Asche: Also diese Diskussion hab ich so was von über! Wer heute noch nicht gecheckt hat, dass es eine Machtdemonstration ist, wenn ich mir als Cis-Typ das T-Shirt auf nem Konzert ausziehe…
Bi: …oder wer mir sagt, ich könnte ja auch einfach mein T-Shirt auf der Bühne ausziehen. Für Personen, deren Körper sexualisiert werden, ist das einfach nicht das Gleiche.
Und die Ansagen?
Asche: Die machen wir, weil wir für FLINT*-Personen einen Safe Space schaffen wollen. Oder wenn wir uns selbst unwohl fühlen. Es ist einfach total krude, wenn wir „Emanzenlesbenschlampe“ singen und vorne ist so ne Ochsenherde und grölt das mit. Also sorry, aber da ist die Message verfehlt.
Was ist denn die Message?

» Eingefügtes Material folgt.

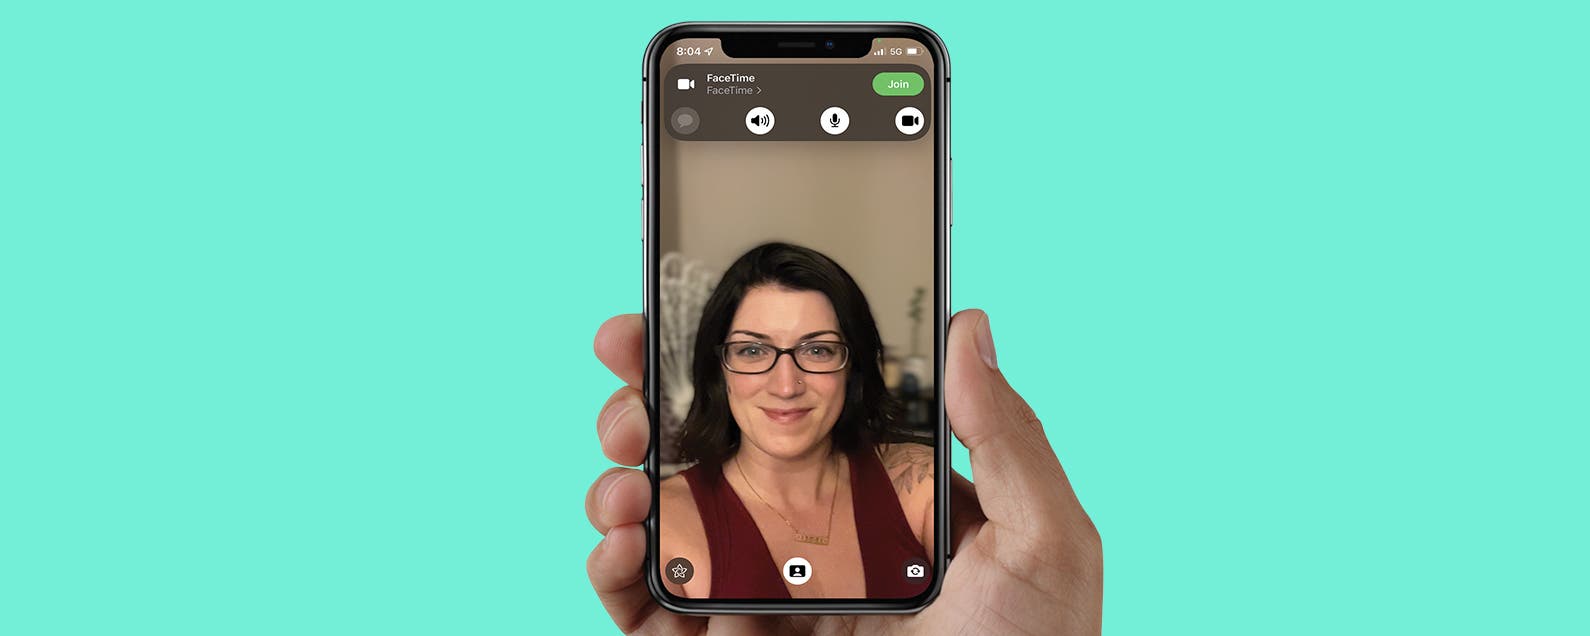 Lời giới thiệu: Chế độ chụp ảnh chân dung với chiếc điện thoại iPhone của bạn sẽ trở nên đơn giản hơn bao giờ hết, và chất lượng ảnh sẽ càng được cải thiện hơn bao giờ hết. Hãy tha hồ tạo ra những bức ảnh chân dung đẹp nhất.

Erst Mal klingt „Emanzenlesbenschlampe“ ja wie eine Beleidigung.
Bi: Wenn FLINT*-Personen als „Schlampe“, „Lesbe“, oder „Emanze“ beschimpft werden, dann ist das ganz klar negativ konnotiert. In dem Lied geht es aber darum, dass wir den Begriff zurückerobern wollen. Wer allerdings nicht weiß, wie es sich anfühlt, das nachts auf der Straße hinterhergeschrien zu bekommen – und das können Cis-Typen nicht – sollte die Klappe halten.
Asche: „Emanzenlesbenschlampe“ besteht aus drei Wörtern. Bei jedem einzelnen Wort haben viele schon ein ganz bestimmtes negatives Stereotyp im Kopf. Wenn man das dann auch noch zusammensetzt, müsste da theoretisch was ganz Schlimmes bei rauskommen. Aber das tut es nicht! Im Gegenteil. Wir sagen: Es ist total geil, ne Emanzenlesbenschlampe zu sein. Es ist ein Akt des Empowerments: Indem wir das Wort positiv besetzen, reclaimen wir es und ermächtigen uns damit.
Abgesehen von Reclaiming, welche Strategien verfolgt ihr noch, um mit dem sexistischen Istzustand umzugehen?
Asche: Also bei uns als Band ist das ganz klar: Konfrontation.
Konfrontation?
Asche: Ja! Für viele FLINT*-Personen ist Wut ein schambehaftetes Gefühl. Weiblich-sozialisierten Personen wird oft anerzogen, immer fürs Team zu sein, es kuschelig zu machen und andere zu unterstützen. Wir wollen uns selbst und Andere empowern, indem wir auf der Bühne auch Mal wütend sind und deutlich machen: Es ist total wichtig, Sachen scheiße zu finden und dann auch konfrontativ zu intervenieren.
Auf der Bühne gelingt euch das ja ganz gut. Ist das im Alltag auch so?
Asche: Dass wir Songs wie „Du bist so schön, wenn du hasst“ geschrieben haben, heißt nicht, dass wir das persönlich immer schaffen oder, dass wir schon die Lösung für uns gefunden haben. Es ist einfach scheiße schwierig und bedeutet Arbeit.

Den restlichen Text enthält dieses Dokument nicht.